Our work differs from the previous works in that we explicitly parameterize the image observation lit by a flashlight, and use the flash/no-flash image pair to derive an albedo-free image formation model for geometry refinement.

3 Proposed Method

Figure 2 illustrates our method for shape and albedo recovery. The input to our method are (a) a rough depth map inferred from a stereo image pair taken by a stereo camera and (c)+(d) a flash/no-flash image pair taken by the stereo camera’s reference camera. First, we compute a coarse surface normal map from the depth map as shown in (b). We then estimate the environmental lighting and refine the normal map based on our flash/no-flash image formation model as in (e). Finally, we fuse the fine normal map (e) and the coarse depth map (a) to obtain the fine shape (f) and compute the albedo map (g).

In the following, Sect. 3.1 describes our image formation model for the flash/no-flash image pair and Sect. 3.2 details the design choices of each step in our method.

3.1 Image Formation Model

Assuming Lambertian reflectance, the radiance \(r \in \mathbb {R}_+\) emitted from a tiny surface patch can be modeled as

$$\begin{aligned} r=\rho \, s(\mathbf {n}), \end{aligned}$$
(1)

where a shading function \(s: \mathcal {S}^2\rightarrow \mathbb {R}\) depends on the environmental lighting and is scaled by the surface albedo \(\rho \in \mathbb {R}_+\). The shading function s is applied to the unit surface normal \(\mathbf {n}\in \mathcal {S}^2\subset \mathbb {R}^3\).

Let \(m \in \mathbb {R}_+\) be the recorded brightness of the radiance by a digital camera. Assume the camera has a linear radiometric response, say 1 for simplicity, to the radiance.

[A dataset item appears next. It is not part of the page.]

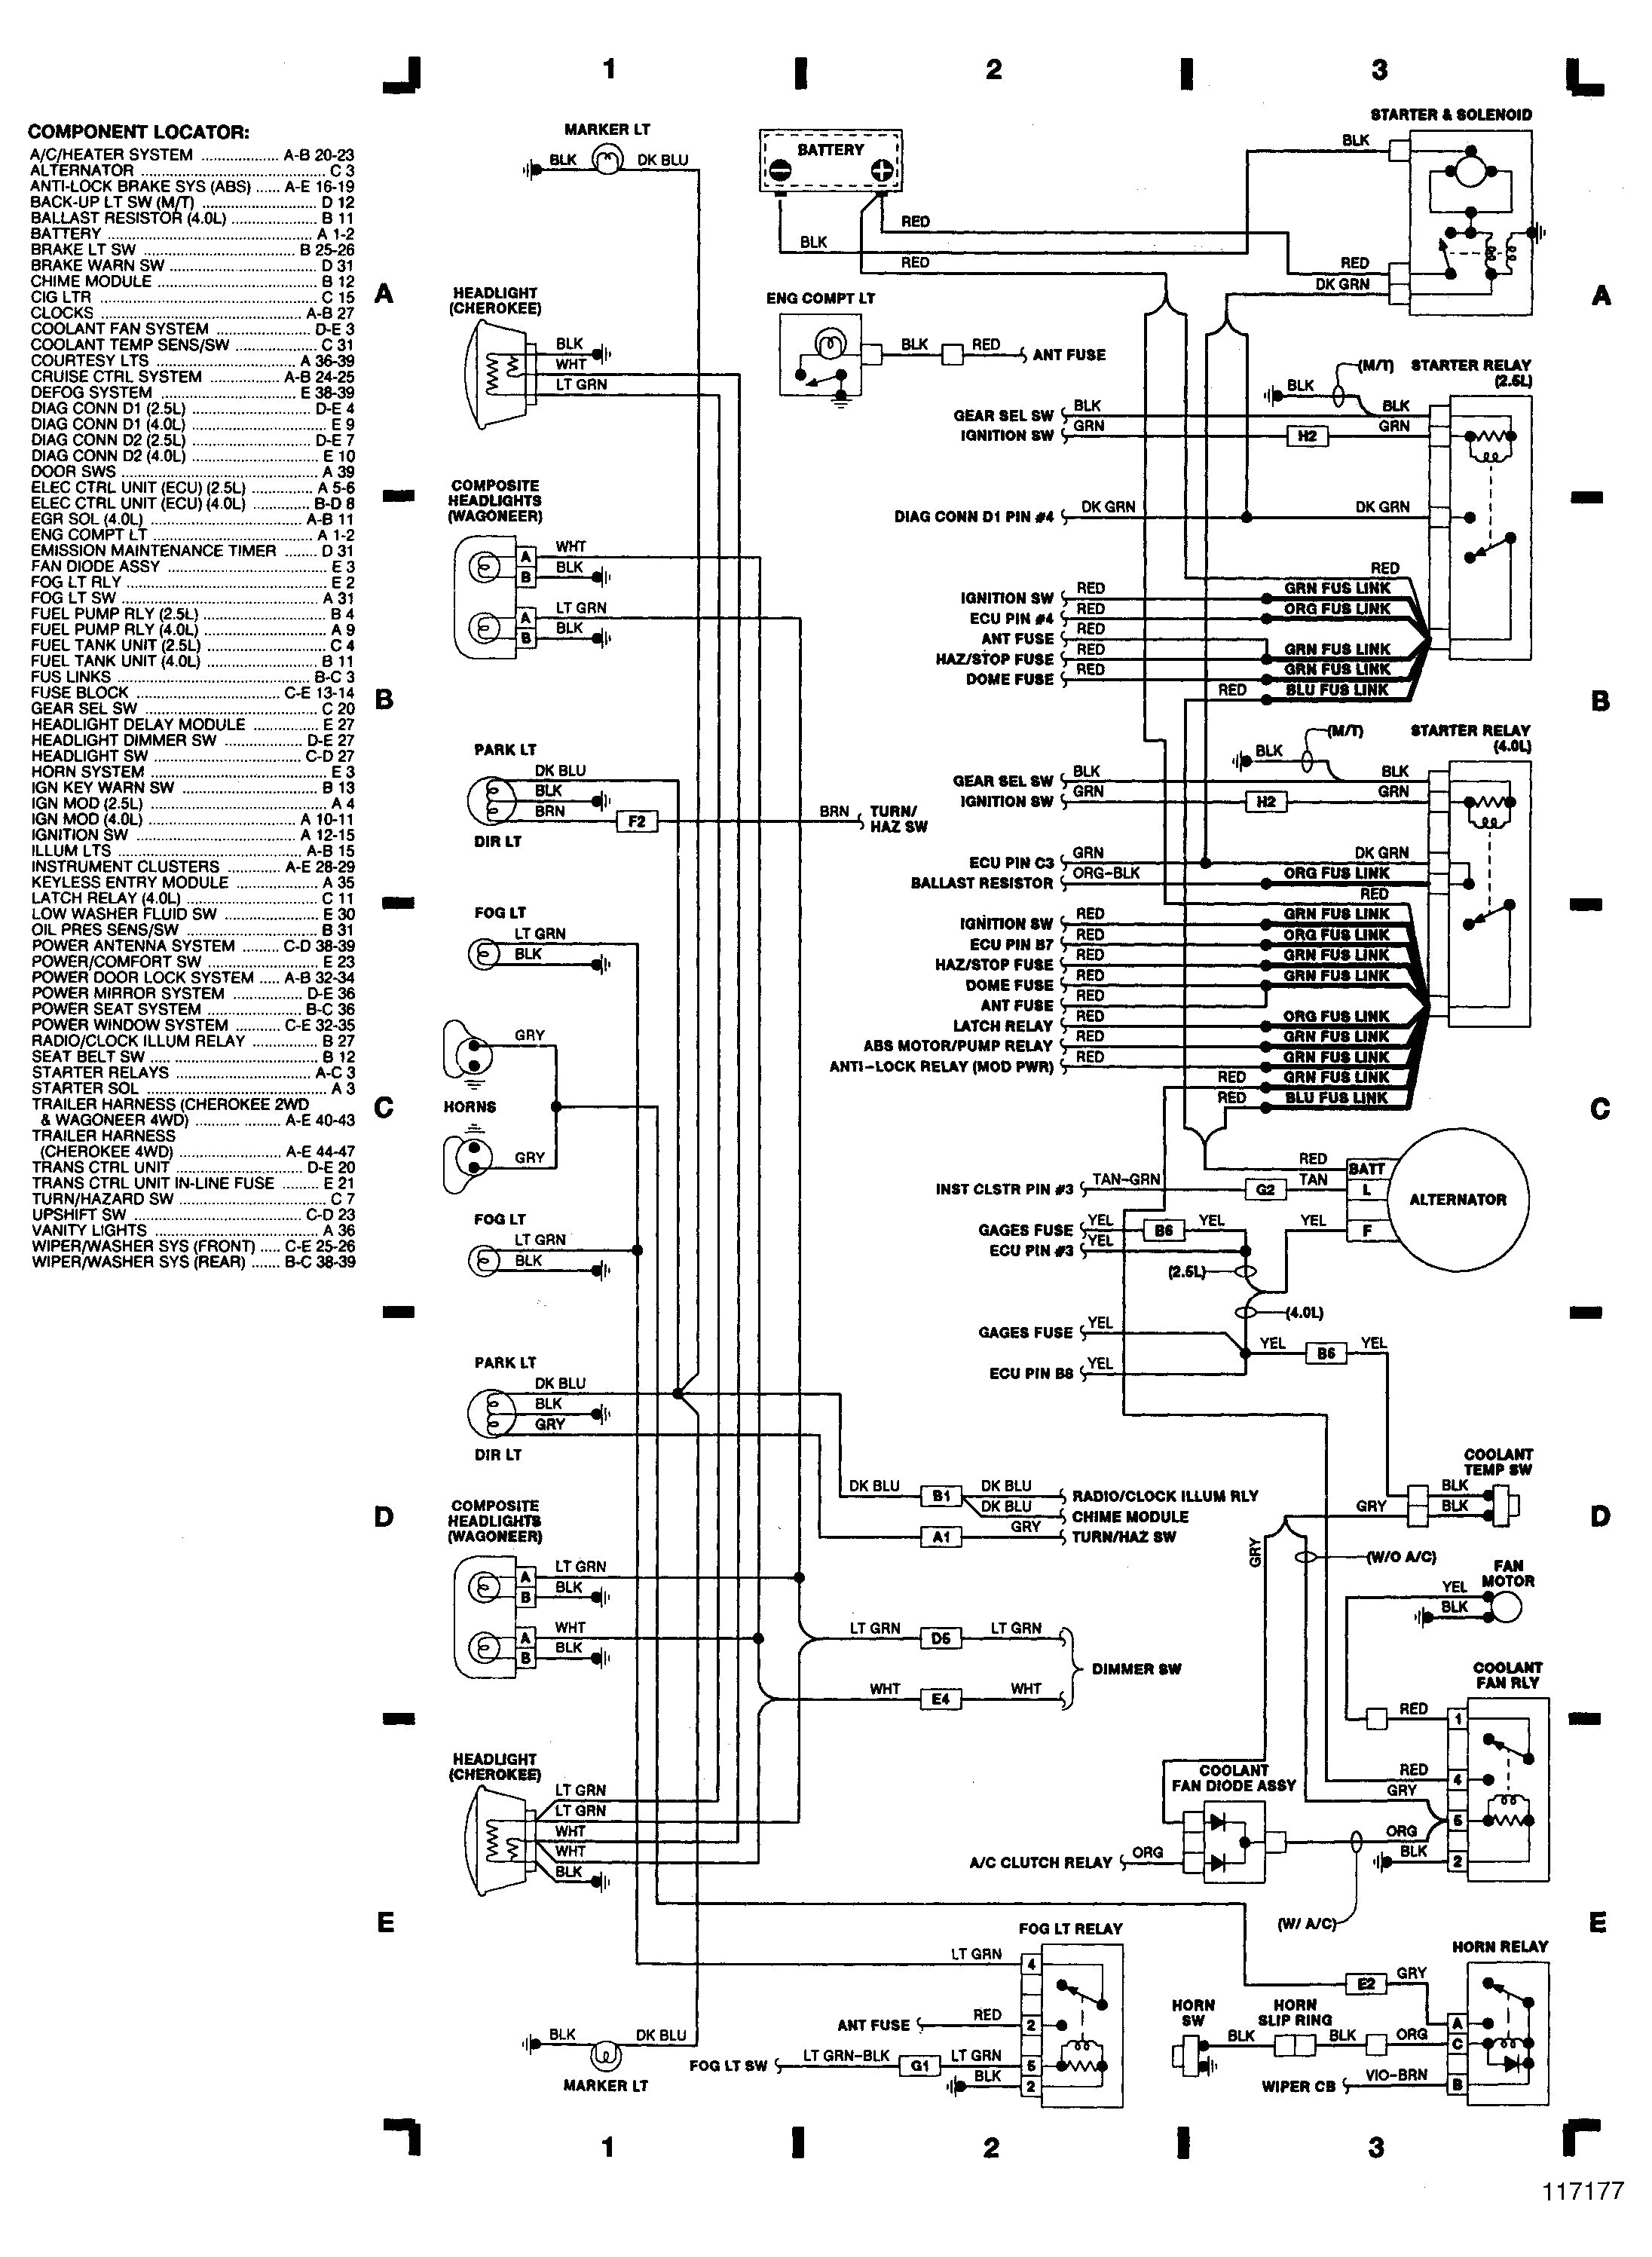 laredo wiring diagram wiring diagram img 1990 jeep cherokee laredo wiring diagram 1997 jeep grand cherokee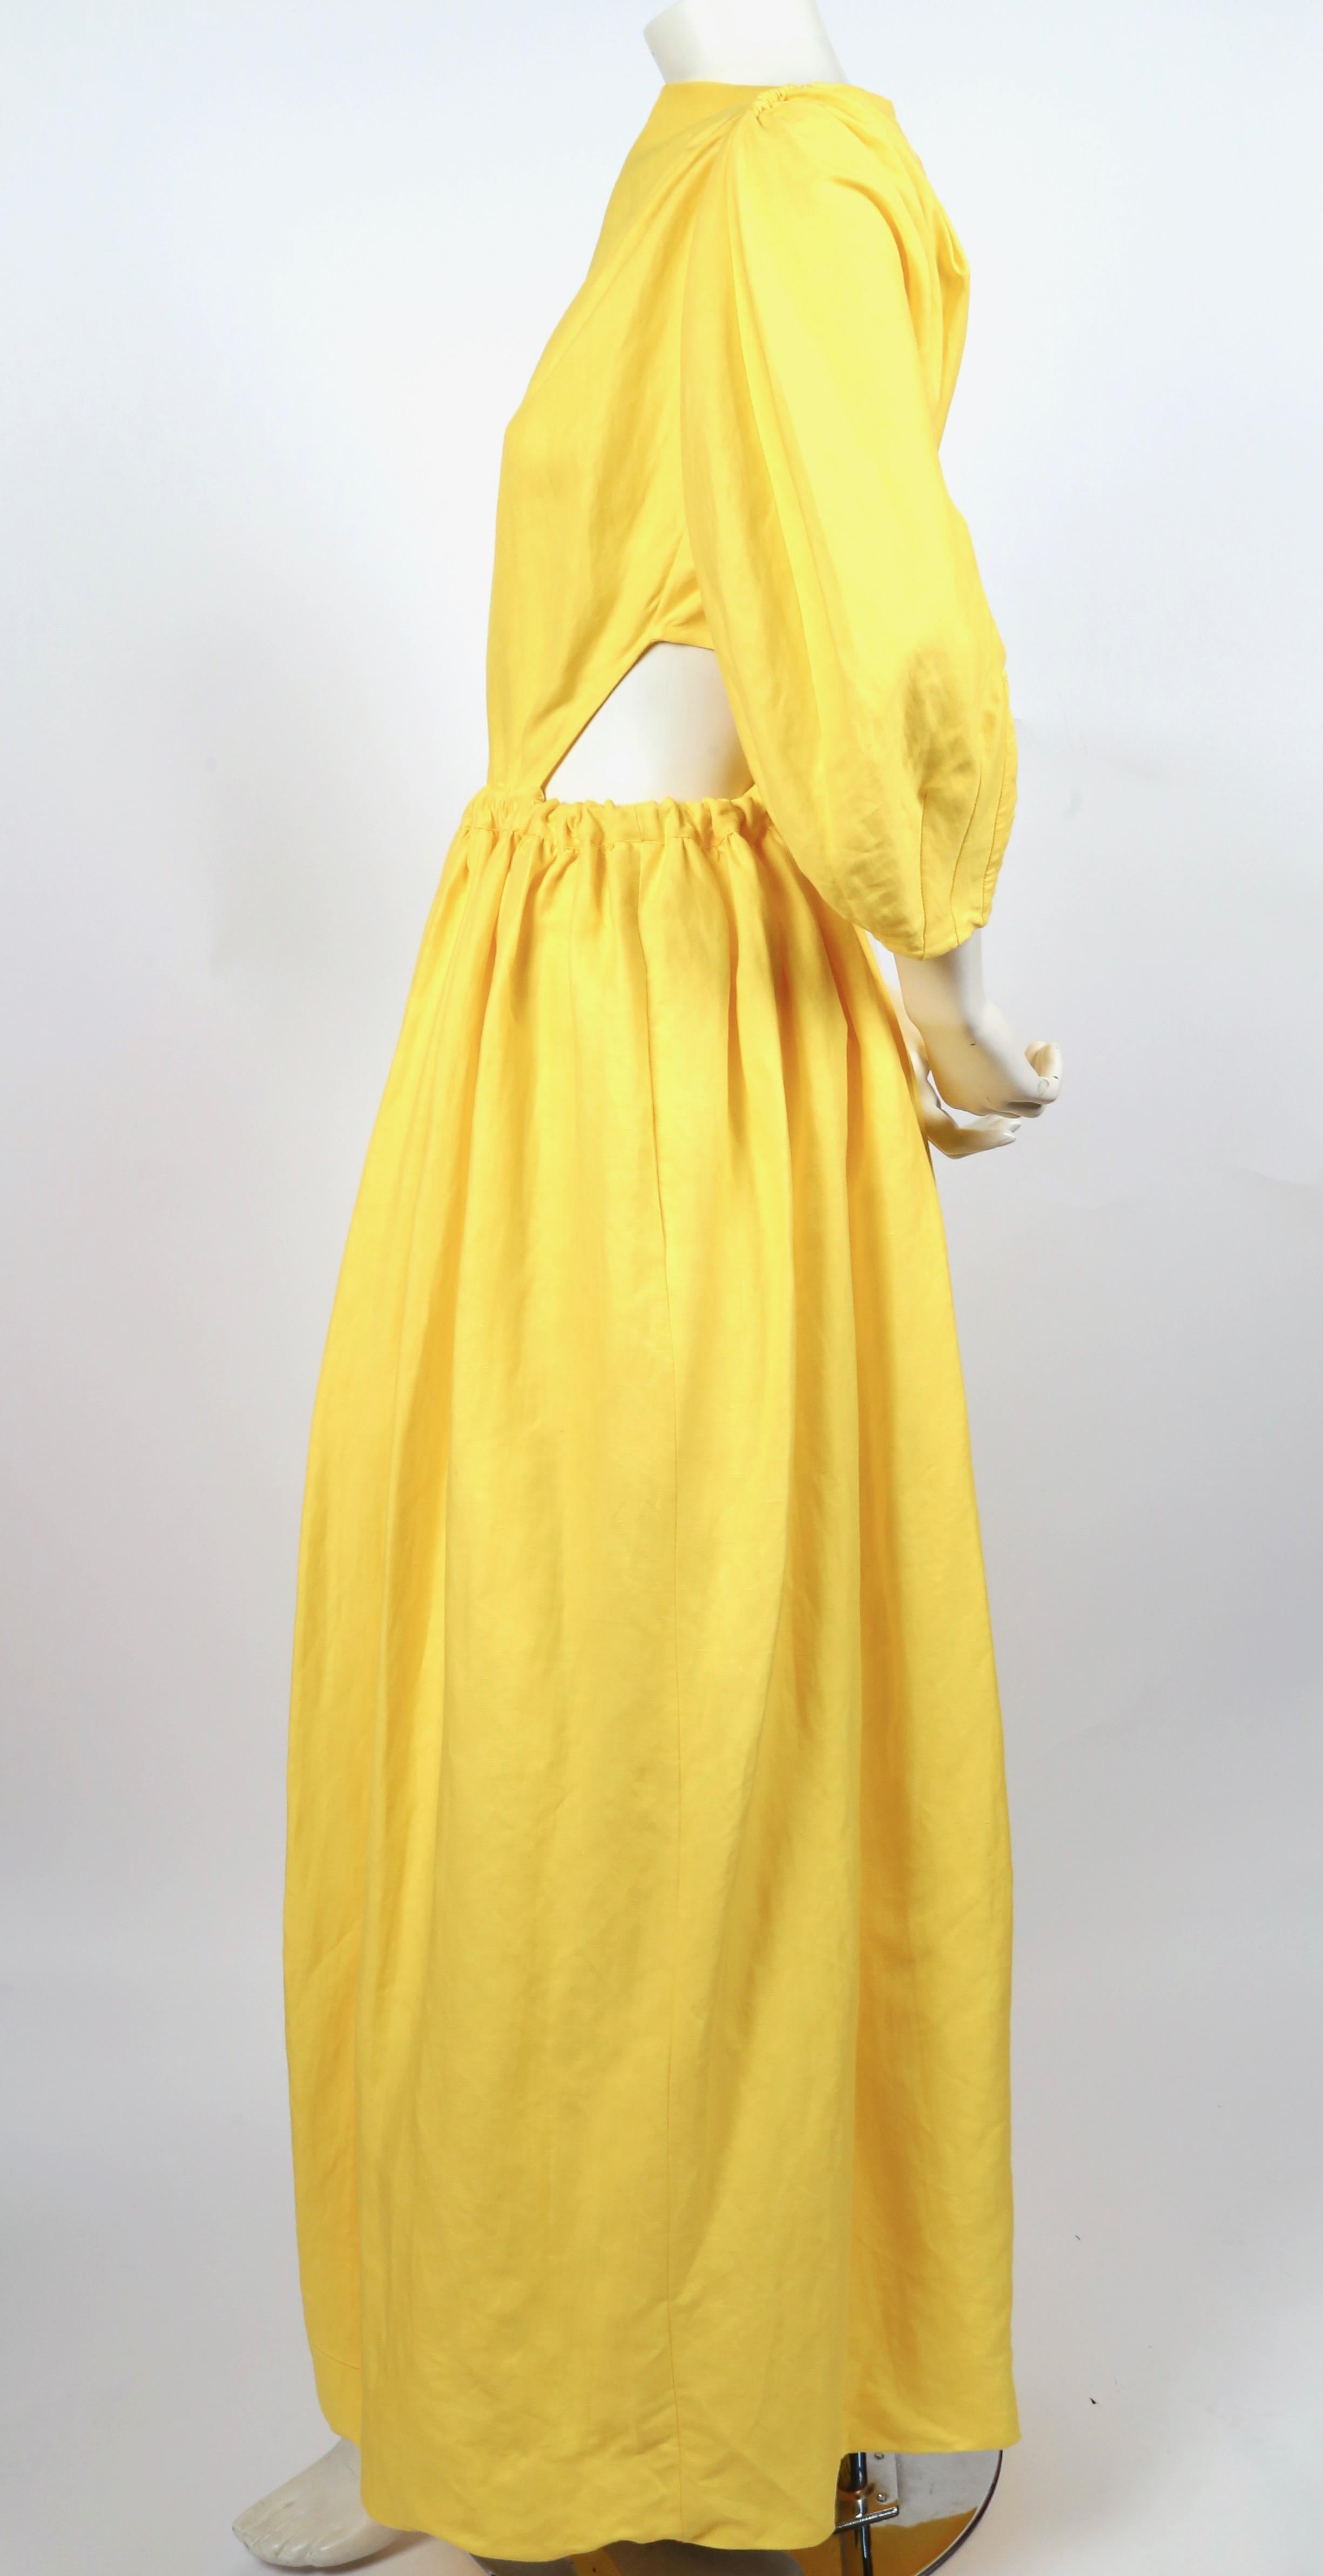 phoebe philo celine yellow dress

The intensity m is then the scene radiance r scaled by the camera exposure \(c \in \mathbb {R}_+\) as

$$\begin{aligned} m = cr. \end{aligned}$$
(2)

The camera exposure c accounts lens-aperture, ISO, and exposure time.

Now consider that a flash/no-flash image pair is taken for an object by the same camera. Assume that the viewpoint is fixed, the object is static, and the environmental lighting stays the same during the capture. A pixel at a fixed location in the flash/no-flash image pair then records the radiance from the same surface patch, scaled by possibly different camera exposures. We use the subscript “nf” and “f” to indicate the no-flash and flash images, respectively. Using Eqs. (1) and (2), we can model the intensity recorded at the same pixel location in the flash/no-flash pair as

$$\begin{aligned} {\left\{ \begin{array}{ll} m_\mathrm {nf}= c_\mathrm {nf}\rho s_\mathrm {nf},\\ m_\mathrm {f}= c_\mathrm {f}\rho (s_\mathrm {nf}+ s_\mathrm {fo}). \end{array}\right. } \end{aligned}$$
(3)

The additional shading \(s_\mathrm {fo}\) is introduced by the flashlight (the subscript “fo” represents flash-only), which is identical to the shading if the flashlight were the only light source in the scene. Let \(\gamma = \frac{c_\mathrm {f}}{c_\mathrm {nf}}\) be the ratio of the flash image’s exposure to the no-flash image’s exposure. By modifying Eq. (3), we obtain

$$\begin{aligned} {\left\{ \begin{array}{ll} m_\mathrm {nf}= c_\mathrm {nf}\rho s_\mathrm {nf},\\ m_\mathrm {f}- \gamma m_\mathrm {nf}= c_\mathrm {f}\rho s_\mathrm {fo}. \end{array}\right. } \end{aligned}$$
(4)

The second equation implies a virtual flash-only image: The computed intensity \(m_\mathrm {f}- \gamma m_\mathrm {nf}\) is the flash-only shading scaled by the albedo and the flash image’s exposure. Figure 3 exemplifies a virtual flash-only image. Notice that the shadows caused by natural lighting disappear in the flash-only image, verifying the correctness of the subtraction.

Fig. 3
figure 3

Subtracting the \(\gamma \)-scaled no-flash image from the flash image yields a virtual flash-only image. The ratio image is obtained by dividing the gray-scale no-flash image by the gray-scale flash-only image (Color figure online)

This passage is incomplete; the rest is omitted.